SEXTO DIA - Dona Joana


Ao chamarmos no portão veio uma voz de dentro: "Um minuto, por favor". Era Lúcia, a filha de Dona Joana que mora na casa em frente com suas filhas e que cuida da mãe na parte da tarde, depois que a cuidadora vai embora. Dona Joana tem 83 anos e está acamada há muito tempo decorrente de um AVC. Ela se comunica verbalmente e fica em um quarto, separado das outras casas do terreno,  onde dorme sozinha. 

O ENCONTRO

Lúcia foi prender o cachorro que latia desesperadamente como o mais  feroz dos cães. Pura fita, pois Popó conseguiu escapar e veio atrás de Solenta e Terezinha com o rabo abanando. Foi uma confraternização. Solenta ama cães, gatos, coelhos, papagaios... Quando Terezinha foi entrar no quarto de Dona Joana ela estava fazendo suas necessidades fisiológicas (o número 2), em um "trono" improvisado ao lado da cama. Terezinha chamou Lúcia para ajudá-la. Enquanto isso, Solenta e Terezinha ficaram admirando e fotografando as orquídeas que estavam na frente da casa.

 

Muitas orquídeas


Popó, depois dos afagos recebidos, completamente entregue ao calor do sol

  O inicio do encontro não foi muito fácil, Dona Joana estava bem aborrecida.

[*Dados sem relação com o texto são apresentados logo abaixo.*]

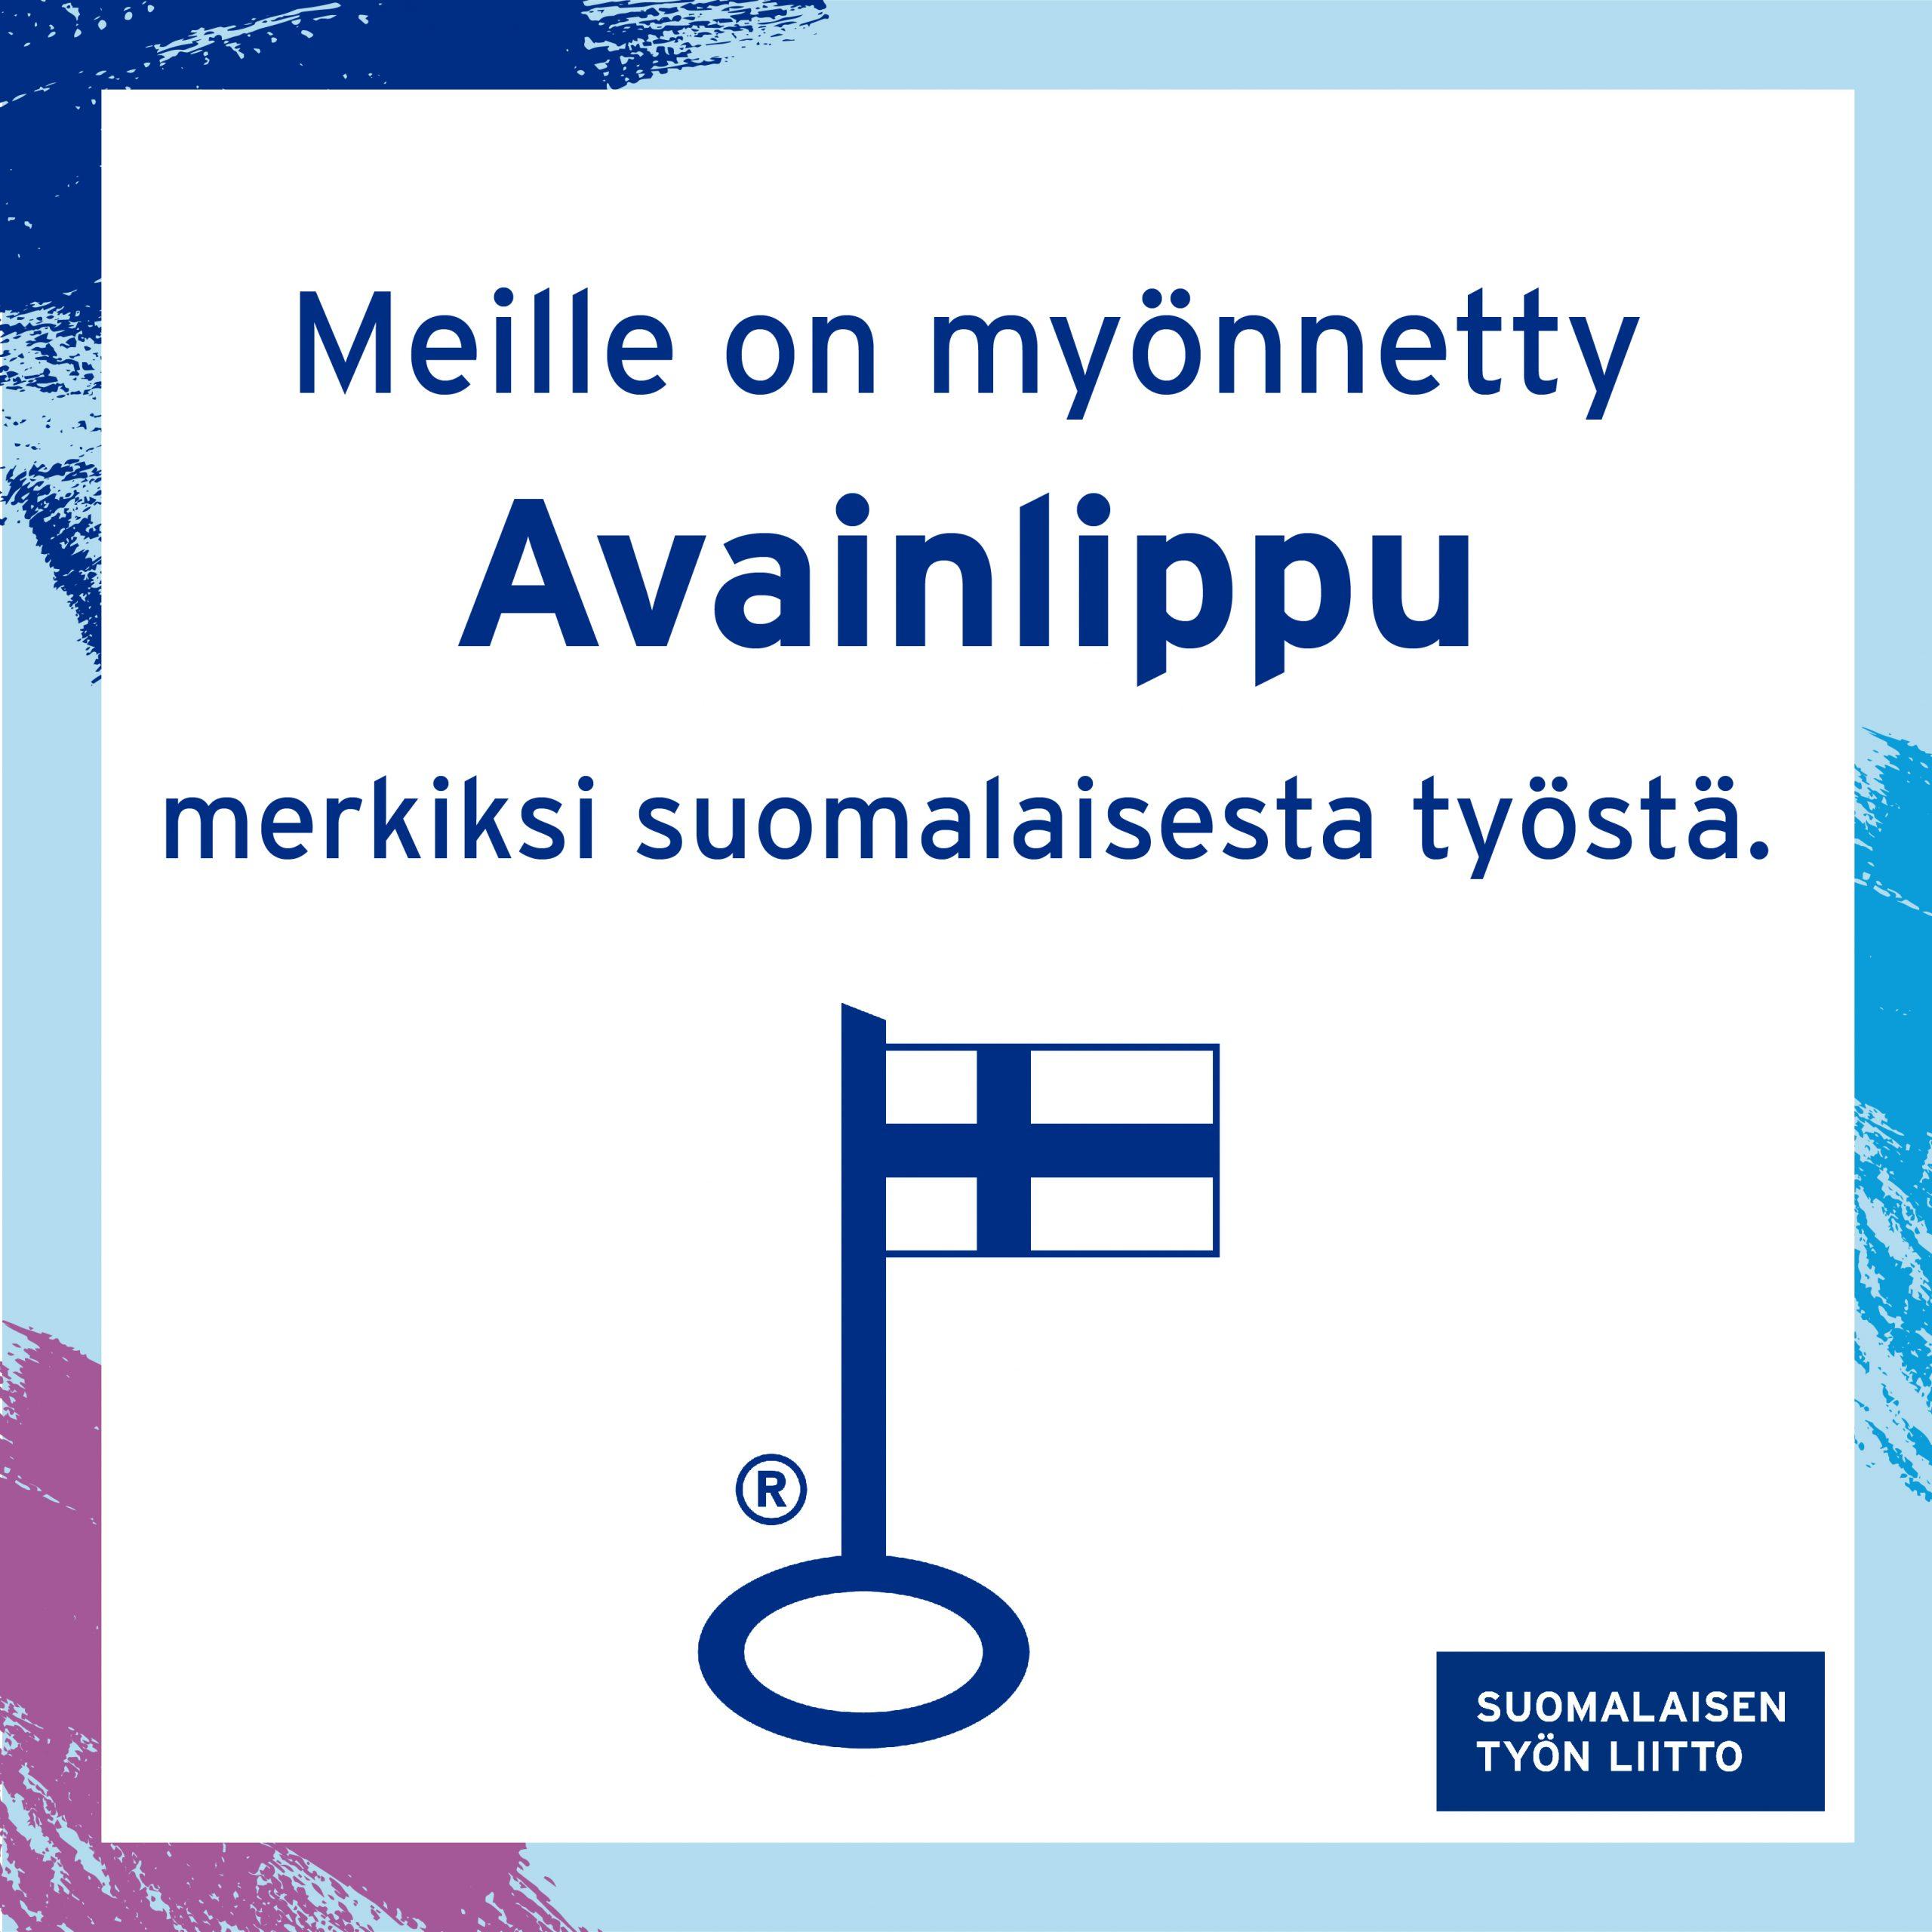 MP- Plast - Meille on myönnetty Avainlippu merkiksi suomalaisesta työstä

Encontrava-se sozinha em um momento em que necessitava de ajuda e ainda por cima a visita chega e a surpreende naquela situação. E para completar, Terezinha falou para Solenta não esquecer do recado que haviam pedido para ela dar: "para a senhora não ser ranzinza comigo". Solenta engasgou para dizer isso, sabia que esse não é um bom caminho para se abrir um coração e lá veio a resposta, ela quase expulsou Solenta do quarto (eu faria o mesmo!). Antes da expulsão derradeira, Solenta teve tempo de consertar: "na verdade, eu estou aqui porque me disseram que a senhora é encantadora!" "Como assim encantadora?", respondeu ela num tom bem bravo. Solenta desfilou uma série de elogios, ela ouviu, achou interessante mas estava mais interessada nos cuidados de enfermagem e pediu para Solenta dar licença. Depois que Terezinha terminou sua rotina, Solenta voltou para junto da cabeceira de Dona Joana e disse que tinha um segredo para contar para ela e chegando bem perto dela disse: "a senhora sabe a origem da palavra enfezada." Ela fez uma cara de "tá me chamando de enfezada?" E Solenta já foi logo emendando: "é quando a pessoa fica assim muito tempo sem...sem...a senhora sabe né?" E assim, meio sem falar falando, misturando uma mímica tosca com a fala incompleta, Solenta conseguiu passar a mensagem. O rosto de Dona Joana se iluminou e ela respirou aliviada: "pois não é, minha filha, fazia dois dias que eu não conseguia..." Dona Joana hora chamava Solenta de "minha filha", hora a chamava de "doutora", dependendo do assunto em questão. Se era causo de doença, males ou reclamação, era doutora, se era caso de lembrança boa,  observação ou diversão, era minha filha.
Outra coisa que estava incomodando demais Dona Joana era a falta de sua prótese dentária. Ela estava muito constrangida e reclamava a toda hora. Quando ria, levava a mão à frente da boca para cobrir seu sorriso, que era tão lindo mesmo sem seus dentes. Ela ficou encantada com todos os instrumentos desfilados por Solenta. Em alguns momentos, ela gargalhou, escancarado, até se esquecendo de levar a mão à boca. Um deles foi quando Solenta começou a cantar para ela a cantiga de roda: "Ciranda cirandinha vamos todos cirandar, vamos dar a meia volta, volta e meia vamos dar. O anel que tu me destes era vidro e se quebrou. O amor que tu me tinhas era pouco e se acabou." Quando Solenta terminou de cantar, caiu num choro escrachado de palhaço repetindo: "... o amor que tu me tinhas era pouco...buááaá!" Dona Joana gargalhou e disse: "minha filha, eu fazia igualzinho você quando eu era jovem." E seguiram com mais algumas canções. E ela, que antes dizia não conhecer música nenhuma, tinha sempre uma observação a fazer ao final da cantoria.
Foi um encontro maravilhoso! Conseguimos juntas atravessar nossas dificuldades.